# Food photos for C&C - There is BACON in some of them btw...



## Parker219 (Nov 3, 2014)

I have a new technique where I set my shot up...camera on the tripod...framed...settings how I want them...then set the camera to release the shutter in 10 seconds.

Then during that 10 seconds I grab my light and move it exactly how I want it and PRESTO...the lighting looks good...to me anyway...that's why I want some feedback.
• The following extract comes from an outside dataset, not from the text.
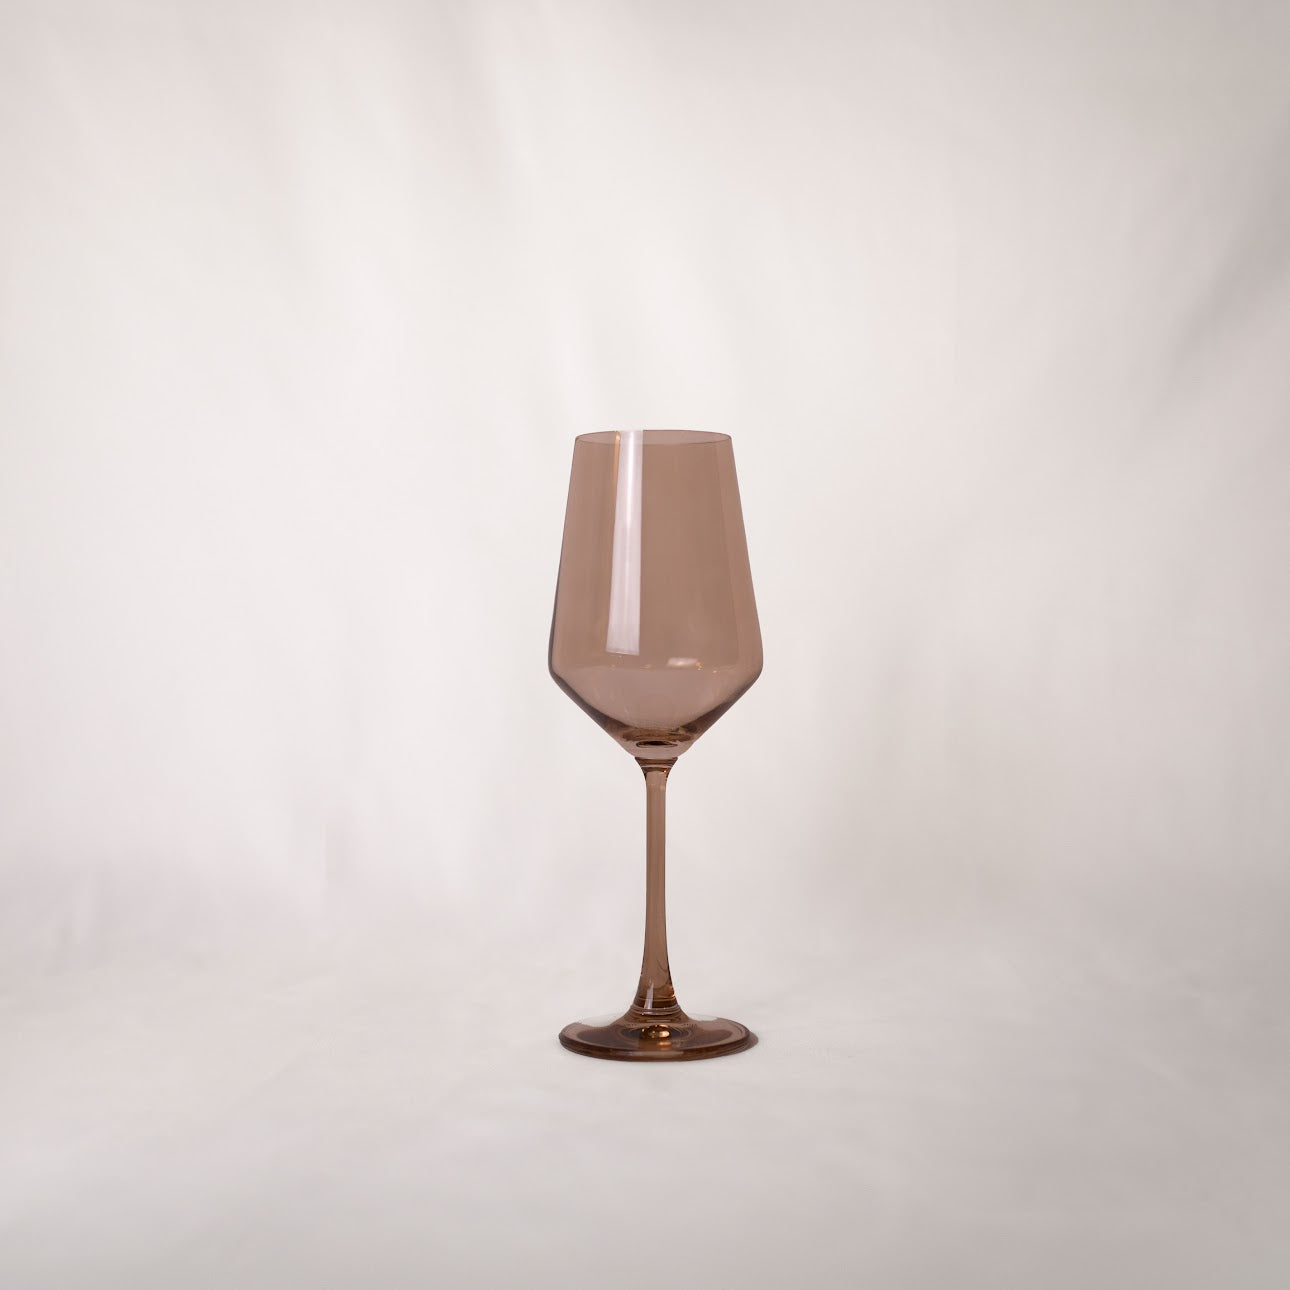 single brown colored wine glass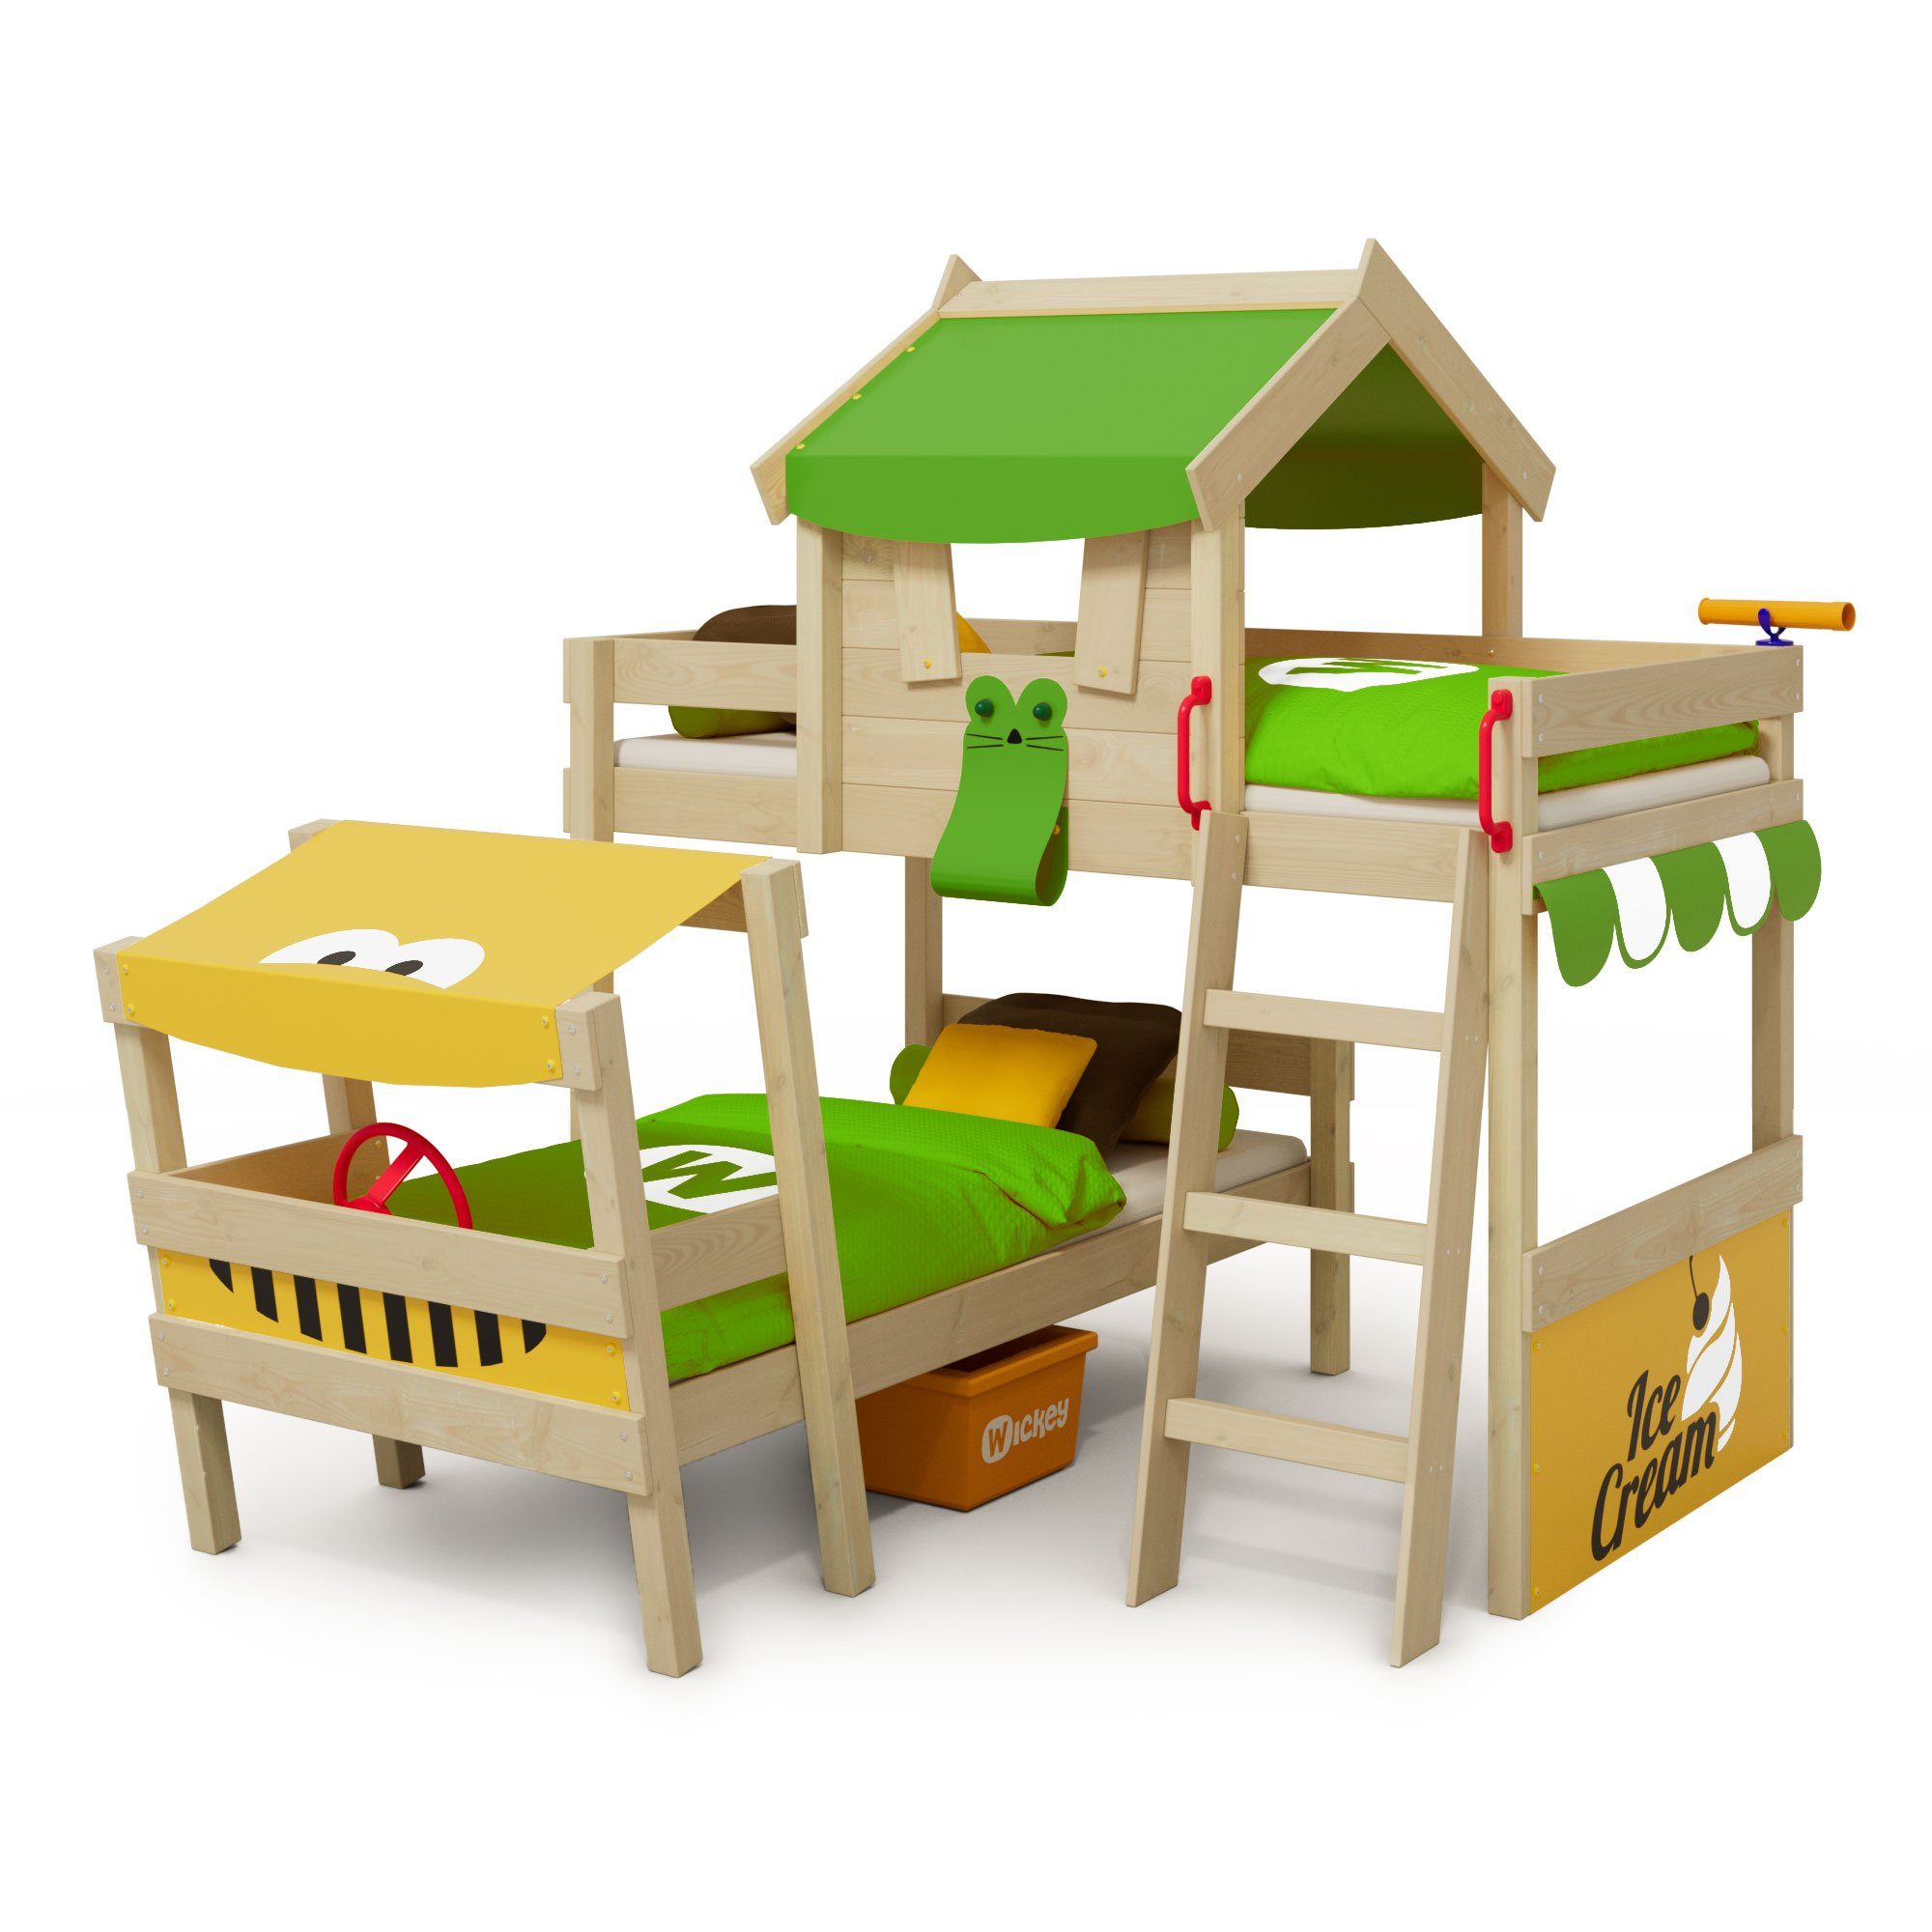 Verkaufsberater Wickey Kinderbett Massivholzbrett Spielbett, (Holzpaket Kinder), Pfosten cm aus Crazy 200 und x Brettern, 90 Trunky für - apfelgrün/gelb Hochbett Spielbett

I haven't turned in these photos yet, so anything that you see that should be fixed, please let me know.

Thank You!


1. 





2. 




3. 




4. 




5. 




6. 





7. 




8. 




9. 




10.


----------



## tirediron (Nov 3, 2014)

I think the lighting is very good in these, as is the food presentation.  Two issues that bother me are OOF foregrounds and the 'bits' of glasses.  I think your backgrounds and overall scenes need a little work, but aside from that, and greater DoF, good job!


----------



## Braineack (Nov 3, 2014)

seems like an odd technique, but if it works for you.

I'm trying to figure what's stoping you from getting the lighting perfect BEFORE you click the trigger.


----------



## Parker219 (Nov 3, 2014)

Braineack said:


> seems like an odd technique, but if it works for you.
> 
> I'm trying to figure what's stoping you from getting the lighting perfect BEFORE you click the trigger.




Some of these restaurants have limited space, since there are customers at the other tables, and since I am shooting these on location, it isn't practical to bring in a convoy of lights on stands. So I have a light that sits ON the table that the food is on...however when I did that the light comes straight ACROSS the food, and left harsh shadows.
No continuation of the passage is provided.